The episode was written by co-executive producer Davey Holmes and directed by Christopher Chulack. It was Holmes' third writing credit, and Chulack's first directing credit.

==Reception==
===Viewers===
In its original American broadcast, "Liver, I Hardly Know Her" was seen by an estimated 1.63 million household viewers with a 0.8 in the 18–49 demographics. This means that 0.8 percent of all households with televisions watched the episode. This was a 5% decrease in viewership from the previous episode, which was seen by an estimated 1.70 million household viewers with a 0.8 in the 18–49 demographics.

===Critical reviews===
"Liver, I Hardly Know Her" received highly positive reviews from critics. Joshua Alston of The A.V. Club gave the episode a "B" grade and wrote, ""Liver, I Hardly Know Her" is blander and feels more cobbled together. But I enjoyed the experience of watching it more, and I felt better about it when it ended. Perhaps what left me on a higher note about "Liver" is that it seemed to signal, at last, something approaching a reset for Fiona after her epic decline." However, Alston was mixed over Sheila's decision to marry Frank, writing "The big issue with Sheila this season is that her character is being used as a tool to push the story in this direction or that one, and Sheila doesn't seem to have much to do on her own."
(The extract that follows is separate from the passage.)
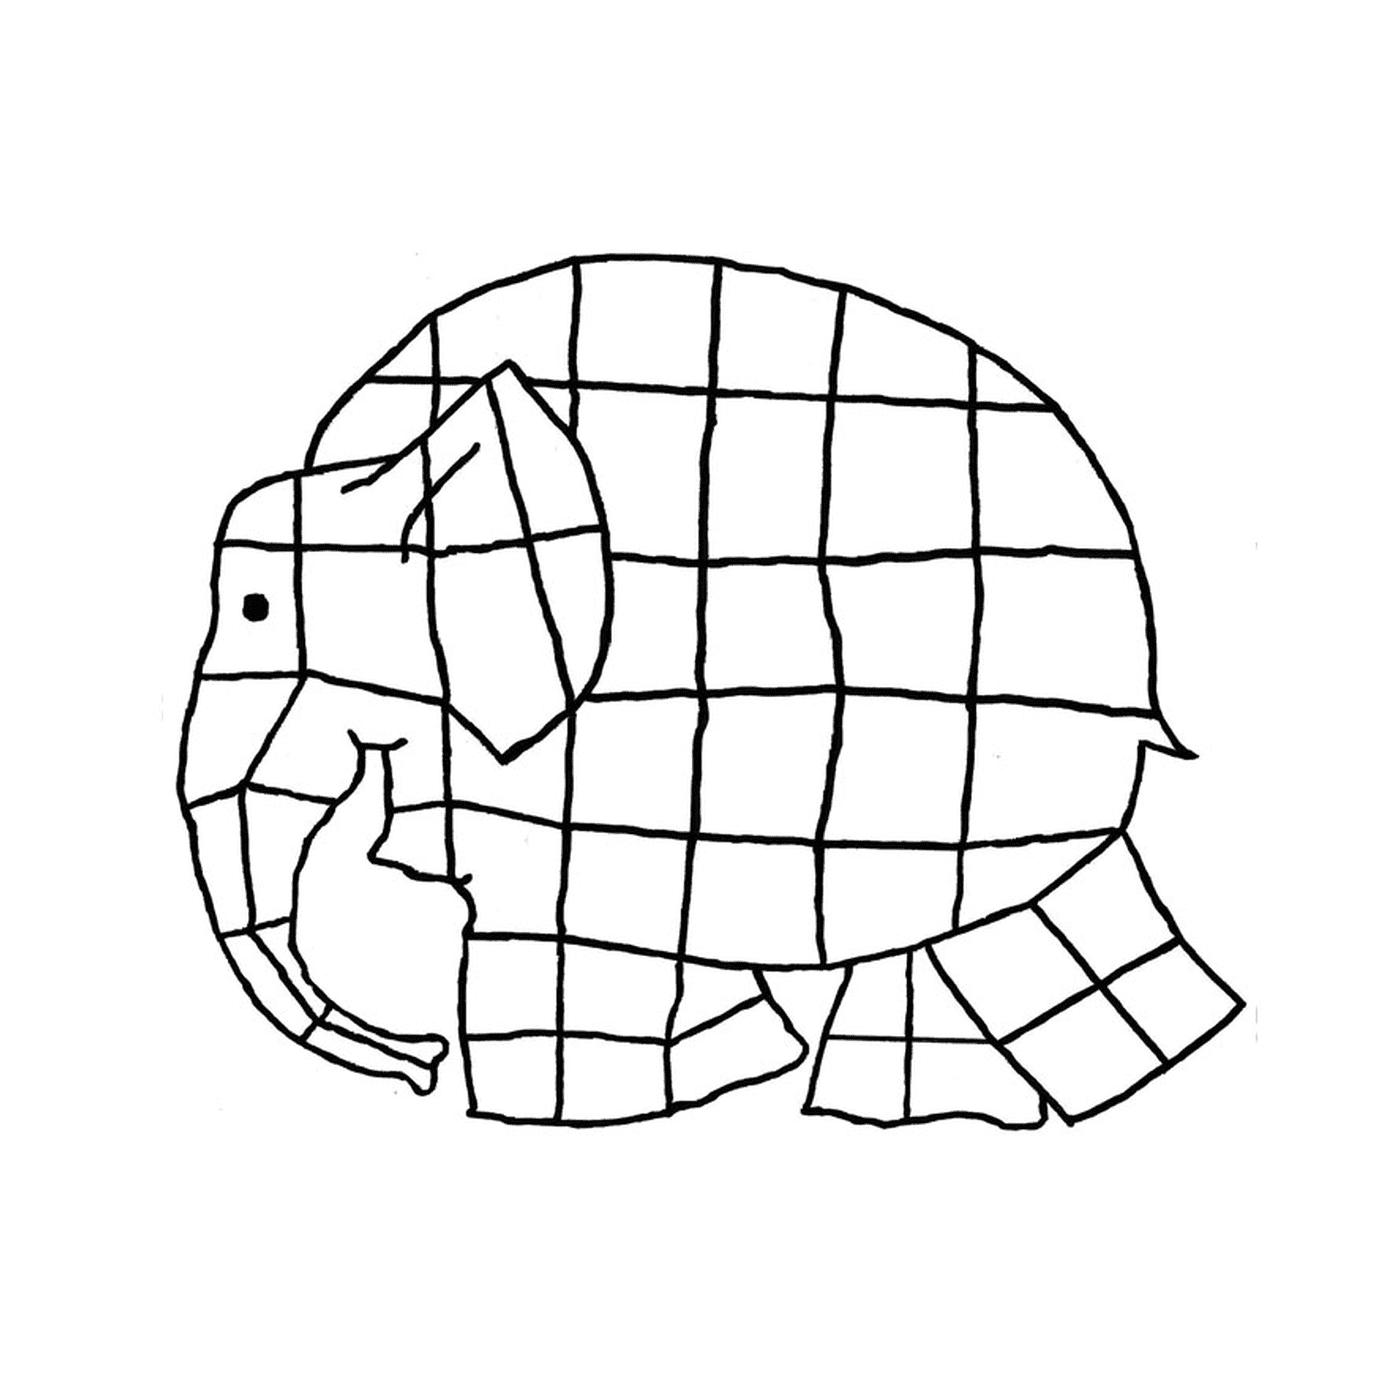  Um elefante feito de quadrados

Carlo Sobral of Paste gave the episode a 9.3 out of 10 rating and wrote "This season more than ever, Shameless has moved along at a brisk pace. The show achieves so much in each episode, and "Liver, I Hardly Know Her" might be season four's best example of that." Sobral gave praise towards Emmy Rossum and Jeremy Allen White's performance, writing "[White and Rossum] have always had great brother/sister chemistry, and that was on full display again here when Lip picked Fiona up at the gas station and drove her home." Sobral also spoke highly of Joan Cusack's portrayal as Sheila, writing "Cusack has maybe her best performance of the season here, generating a lot of laughs." Rosie Narasaki of Hollywood.com wrote "Shameless being Shameless, it's not all coming up roses: even in the midst of their reconciliation, Lip's taking her straight to the police station, and the end of the episode finds Fiona face-to-face with her probation officer."

David Crow of Den of Geek gave the episode a 3.5 star rating out of 5 and wrote, "Overall, it was a solid episode that felt like things are finally looking up. Fiona truly bottomed out this week, and Frank won't die. While one will be in jail and the other in surgery during the penultimate episode next week, things could have honestly gone much worse for either of them." Crow also gave particular praise towards the performances of Steve Howey and Shanola Hampton, portraying Kevin and Veronica respectively: "These two are absolutely fantastic as the reliable comic relief." Leigh Raines of TV Fanatic gave the episode a 4.5 star rating out of 5, and wrote, "After everything Fiona's been through, it was only a matter of time before she had a breakdown. [The episode] had all of the Gallagher siblings looking for her in fear that she had pulled a Frank."

===Accolades===
For the episode, Joan Cusack received a nomination for Outstanding Guest Actress in a Comedy Series at the 66th Primetime Emmy Awards. She would lose to Uzo Aduba for Orange Is the New Black.